「体操女子パワハラ」問題の陰で、スポーツ庁の鈴木長官は何をやっているのか赤坂8丁目発 スポーツ246(3/4 ページ)

» 2018年09月06日 12時22分 公開
[臼北信行ITmedia]

国民の血税が投入されている

 そもそもスポーツ庁は2015年10月1日に発足。JOC(日本オリンピック委員会)とは別個にスポーツ行政の司令塔として東京五輪・パラリンピックへ向けた戦略的強化費を各競技団体に分配する窓口的な役割も担う。

 東京五輪・パラリンピック開催に関することだけでなく、他の分野においても日本のスポーツ行政を推進していく文部科学省の外局である立ち位置から、さまざまな役割を果たすべく大きな権限が与えられている。そして、そこにはいずれも我々の血税が投入されている点を忘れてはいけない。

 大々的に報じられてはいないものの、もしかすると成果が見込めそうな改革もスポーツ庁は推進している。

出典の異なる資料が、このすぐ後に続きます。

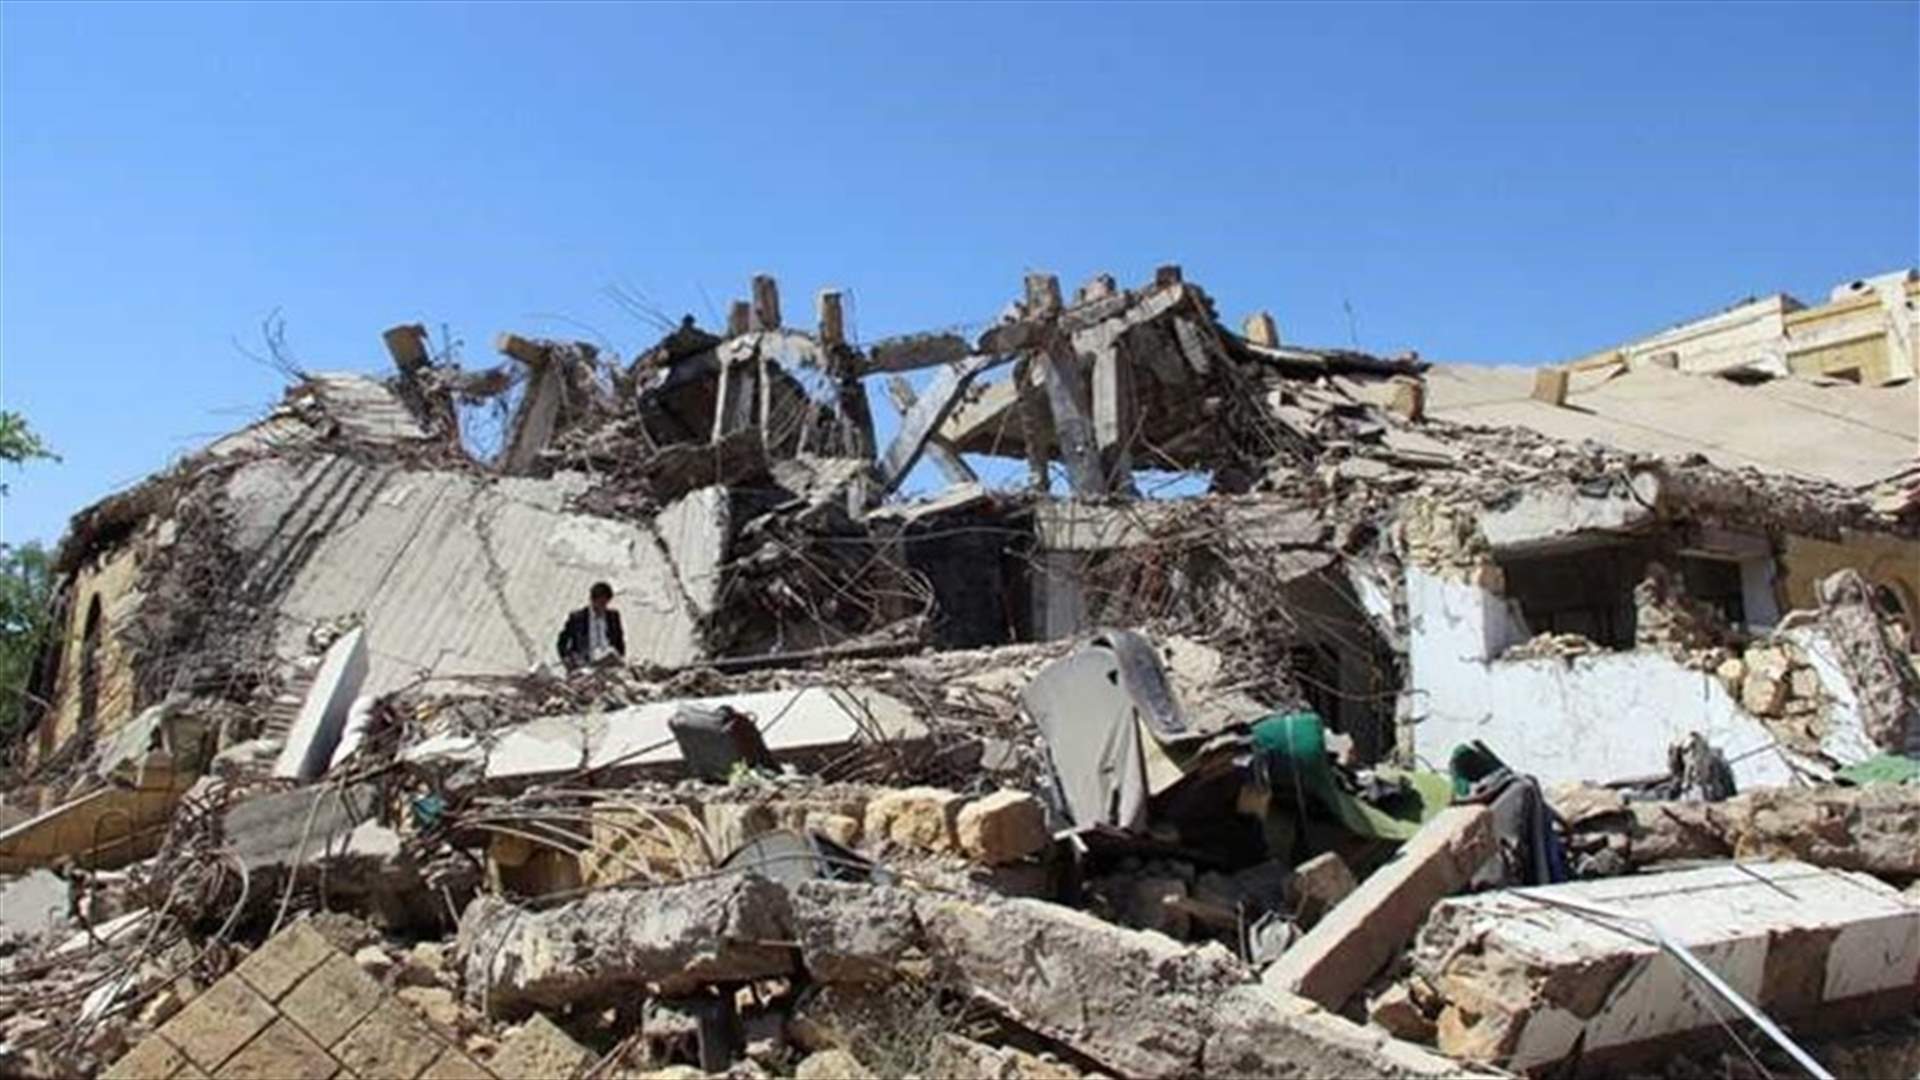 UN announces agreement on 72-hour Yemen cease-fire

同庁は2018年度の大学スポーツ振興事業の対象として7月末、関西大学や法政大学、立命館大学など全国から15校を選んだことを発表。3月から5月にかけて全国の大学から事業の提案を募り、有識者会議を経て審査した。

 選ばれた15校は国から財政支援を受け、トップアスリートの養成や地域でのスポーツ普及を加速させることになる。これは2019年春に設立予定の「全米大学スポーツ協会(NCAA)日本版」の創設に付随する流れだ。

 本場米国のNCAAのような組織になれるのかは疑問符も付くが、これまでどちらかといえばガバナンスが難しく目が行き届きにくいところもあった日本の大学スポーツに風穴を開けることにつながる可能性はある。

 スポーツ庁が目標とする全国の大学200校と40の学生競技団体でスクラムを組めれば、日本大学の悪質タックル問題を引き起こす要因につながった内田正人前監督のような“独裁者”は今後、生まれにくくなるかもしれない。当然、絵に描いたモチにならなければの話ではあるが――。